I changed my pressure gauge and I cannot remember where it connects to my 1st stage. Logic says it connects to the HP side, but just want to make sure before I blow bubbles tomorrow.


----------



## fishFEEDER9697 (Sep 30, 2007)

yes, hp (high-pressure) port to read full tank pressure.


----------



## jspooney (Oct 2, 2007)

Thanks, for some reason I doubted myself on it so I figured better be safe and confirm than do it wrong.


----------



## Firefishvideo (Jul 1, 2010)

Hp port....
should point towards your left side when it's on your back.
Inflator should point the same direction....but off a lp port.
Regs off the right side.....lp ports.


----------



## jspooney (Oct 2, 2007)

Firefishvideo said:


> Hp port....
> should point towards your left side when it's on your back.
> Inflator should point the same direction....but off a lp port.
> Regs off the right side.....lp ports.


Thx. Did I see that you have a lot more free time? I hear the flounder calling...


----------



## Firefishvideo (Jul 1, 2010)

jspooney said:


> Thx. Did I see that you have a lot more free time? I hear the flounder calling...


 Not sure what you mean. Maybe you have me confused with someone else?
Free time is something of a foreign concept to me.....but I do like killing some flounder!


----------



## coolbluestreak (Jun 27, 2011)

Firefishvideo said:


> Not sure what you mean. Maybe you have me confused with someone else?


I think he's talking about me, I'm sitting on the couch wondering how nice it would be to be diving right now? It's too hot to work on the house or the car maybe I should go mow the lawn? Hmm.


----------



## jspooney (Oct 2, 2007)

Yes, I got you two confused. Well, not really confused, just not thinking. We got our butts cleaned today. Got to the Brass wreck to look for flounder and the bottom opened up. Hail, lightening, water spouts, wind, rain. Made it back in safely but it was a little hairy.


----------



## WhackUmStackUm (Jan 31, 2010)

Hey Jeff,

A couple of additional notes about your pressure gauge question.

When you think about it, connecting your pressure gauge to the high pressure port makes sense.

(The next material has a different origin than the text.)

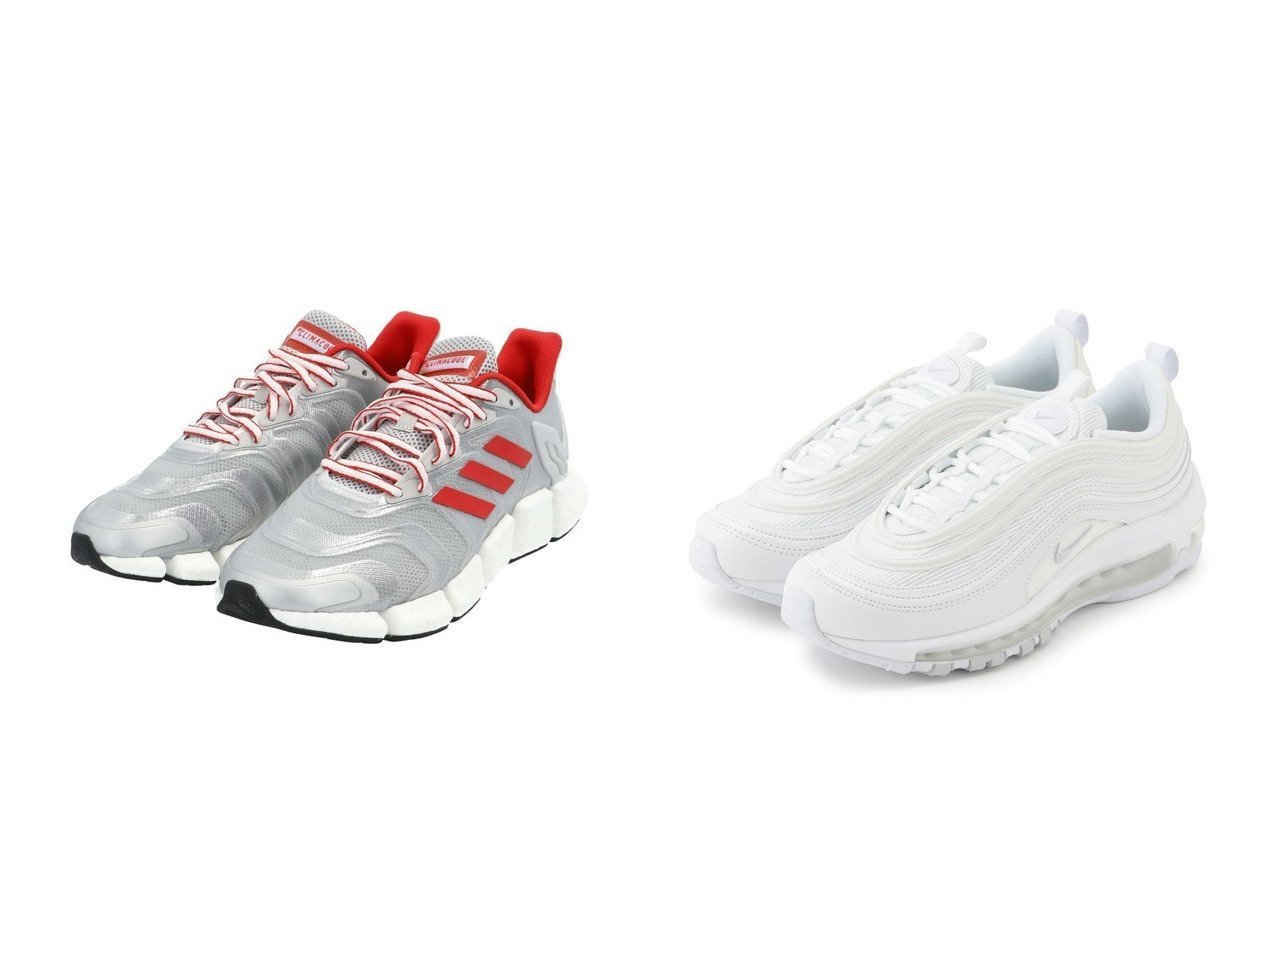 【NERGY/ナージー】の【NIKE】ナイキエアマックス97ウィメンズシューズ&【adidas Sports Performance/アディダス スポーツ パフォーマンス】のクライマクール ベント CLIMACOOL VENTO アディダス シューズ・靴のおすすめ!人気、トレンド・レディースファッションの通販  おすすめで人気の流行・トレンド、ファッションの通販商品 メンズファッション・キッズファッション・インテリア・家具・レディースファッション・服の通販 founy(ファニー) https://founy.com/ ファッション Fashion レディースファッション WOMEN NEW・新作・新着・新入荷 New Arrivals シューズ スニーカー スリッポン メッシュ ランニング パイピング |ID:crp329100000019268

Your first stage regulator drops the tank pressure from down to 120-150 psi. The high pressure port (HP) is at your tank pressure and your low pressure (LP) port is at the 120-150 psi level. Since you are measuring the tank pressure with your gauge, the HP port is the one you want.

The good news is that it is hard to make a mistake when screwing your pressure gauge hose back into your first stage regulator. The HP and LP ports have different size holes.

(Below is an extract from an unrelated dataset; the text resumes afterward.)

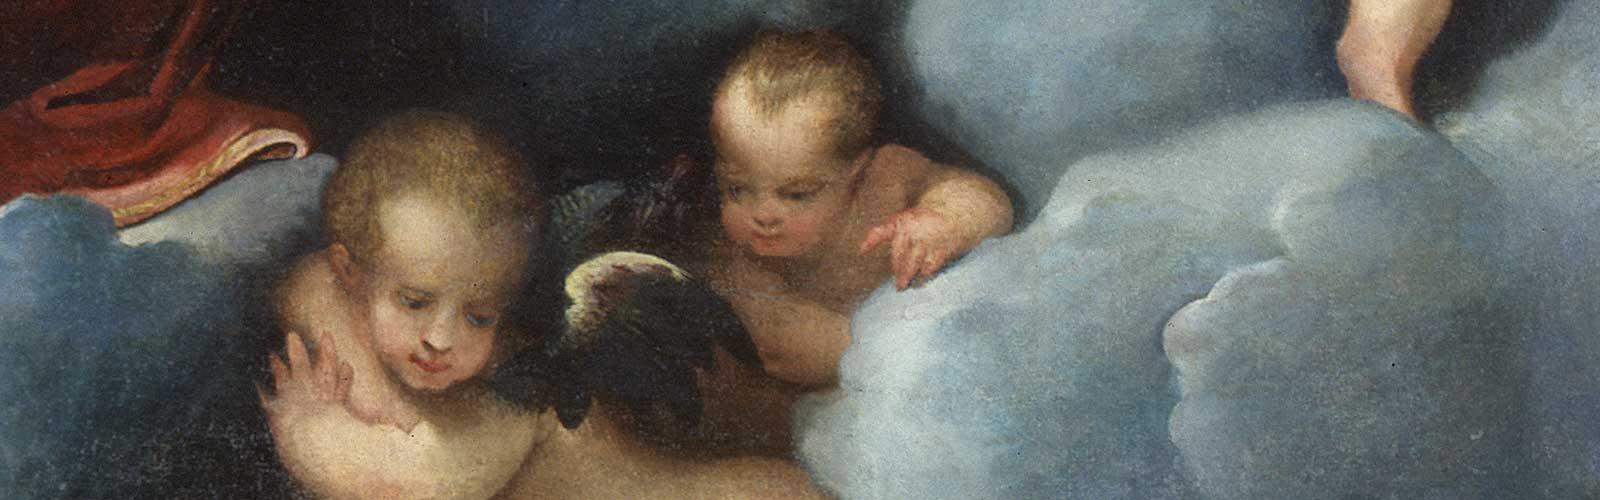 Attorno agli amori <br>Camillo Boccaccino <br>sacro e profano

Glad to hear you guys made is back safe and sound. The pop-up storms have been pretty crazy this year.


----------



## lobsterman (Sep 30, 2007)

jspooney said:


> Yes, I got you two confused. Well, not really confused, just not thinking. We got our butts cleaned today. Got to the Brass wreck to look for flounder and the bottom opened up. Hail, lightening, water spouts, wind, rain. Made it back in safely but it was a little hairy.


 Oh ye of little faith!!!


----------